The shrimp boat captains of Biscayne bay scrape out a meager living in an industry shunned for its potentially harmful environmental impact.

It’s 4 o’clock in the morning, but the night does little to ward of the humidity in the air. Near the water it’s cooler. Though you can no longer feel the radiant heat from the sidewalks and the city, sweat beads on his forehead. His hair is pulled back into a short ponytail. His crown wrapped with a blue bandana, stained navy from the sweat of his work. Down his back he wears his damp t-shirt like a second skin. He is tall and lean, browned for a man who keeps such late hours, and with blue eyes that shine even in the inky darkness of the bay.

Aaron Comegys props himself up on one elbow and hunches, shrinking himself to fit underneath the roof of his boat. He looks at the ground quizzically, face shadowed. As he rises to answer my question, his face catches the light from the street lamps and I can see passion and determination on his previously pensive face.

“People always tell me that what I do is bad for the environment, but I don’t really know or think so. If you want I’ll take you out anytime. Bring your camera and you can see for yourself.”

At 6 p.m. on an oppressively hot day in June, I sit on the wall at Dinner Key Marina getting used to the smell of fish and diesel that hovers in the air. We had met a few nights before and I hoped the offer still stood. As I wait, the sun begins to beat down on my face and bare arms; sweat rises from between my fingers and toes and begins to speckle my chin and brow. As I look down to wipe my hands on my ragged denim shorts I hear the purr of a zodiac motor cruising into the marina from the anchorage. I look across the water to the tanned familiar face and stand, ready to begin my long night on the bay.

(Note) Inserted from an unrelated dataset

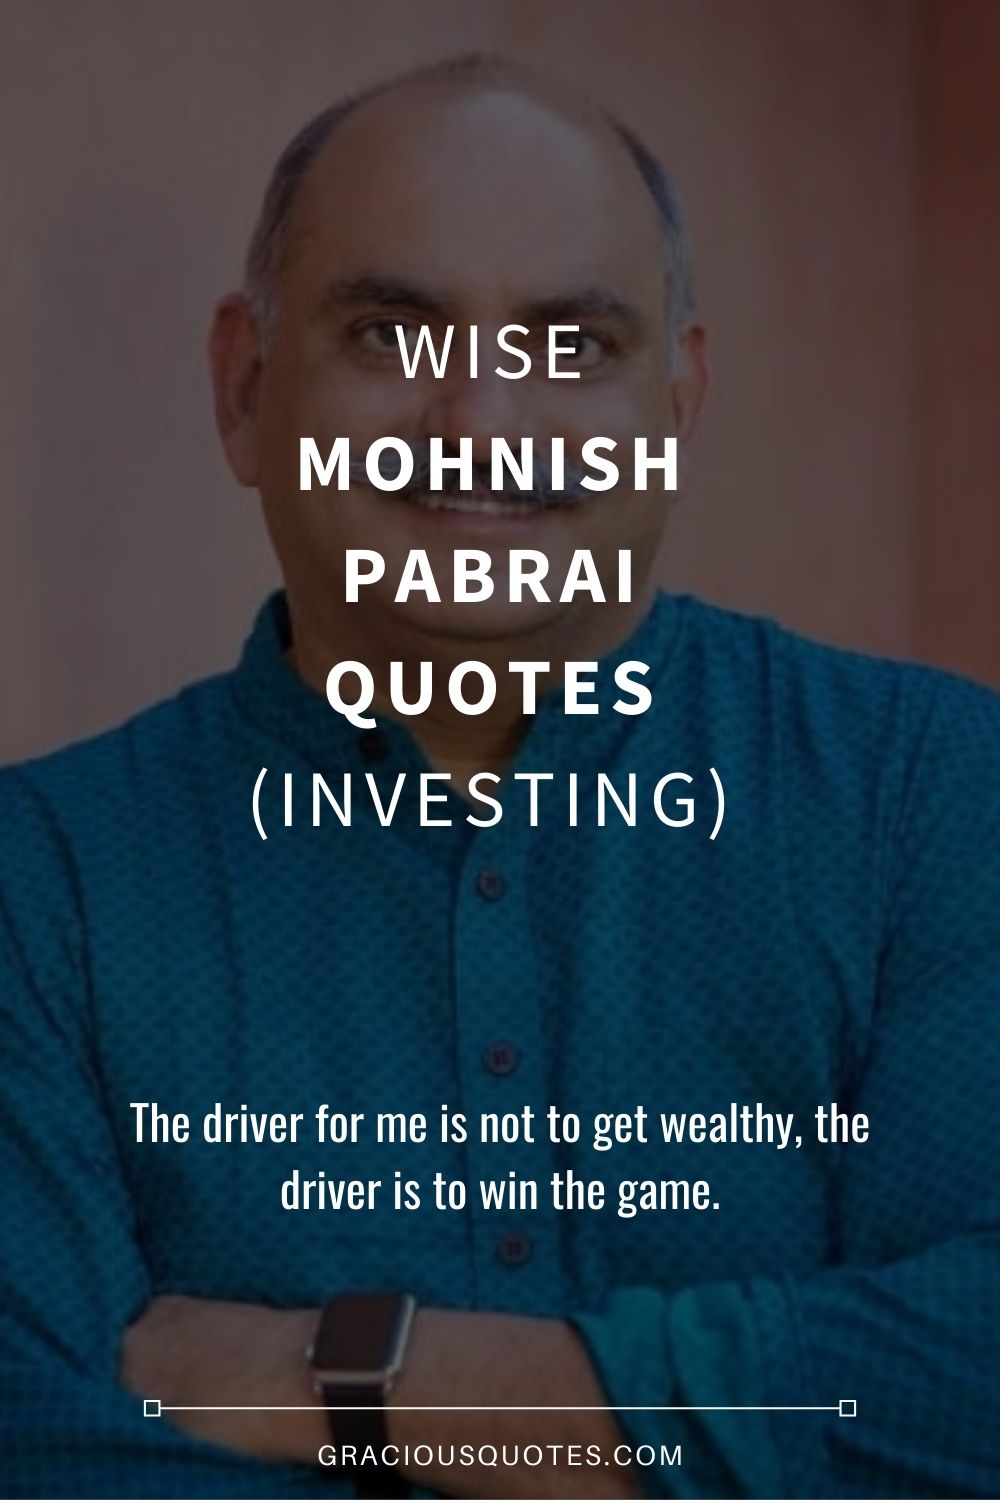 Wise Mohnish Pabrai Quotes (INVESTING) - Gracious Quotes

I inexpertly lug my camera gear down the wobbly gangplank and onto the floating dock next to his boat. The bobbing vessel is rough and weathered as the oldest moorings on the bay. The lacquer and paint flakes from its hull in tight tubes like the papery bark of a birch tree. Without many words Aaron readies the boat for the night. He checks the live-wells and tightens their caps, then turns on the pump to fill them with foaming, frothy saltwater.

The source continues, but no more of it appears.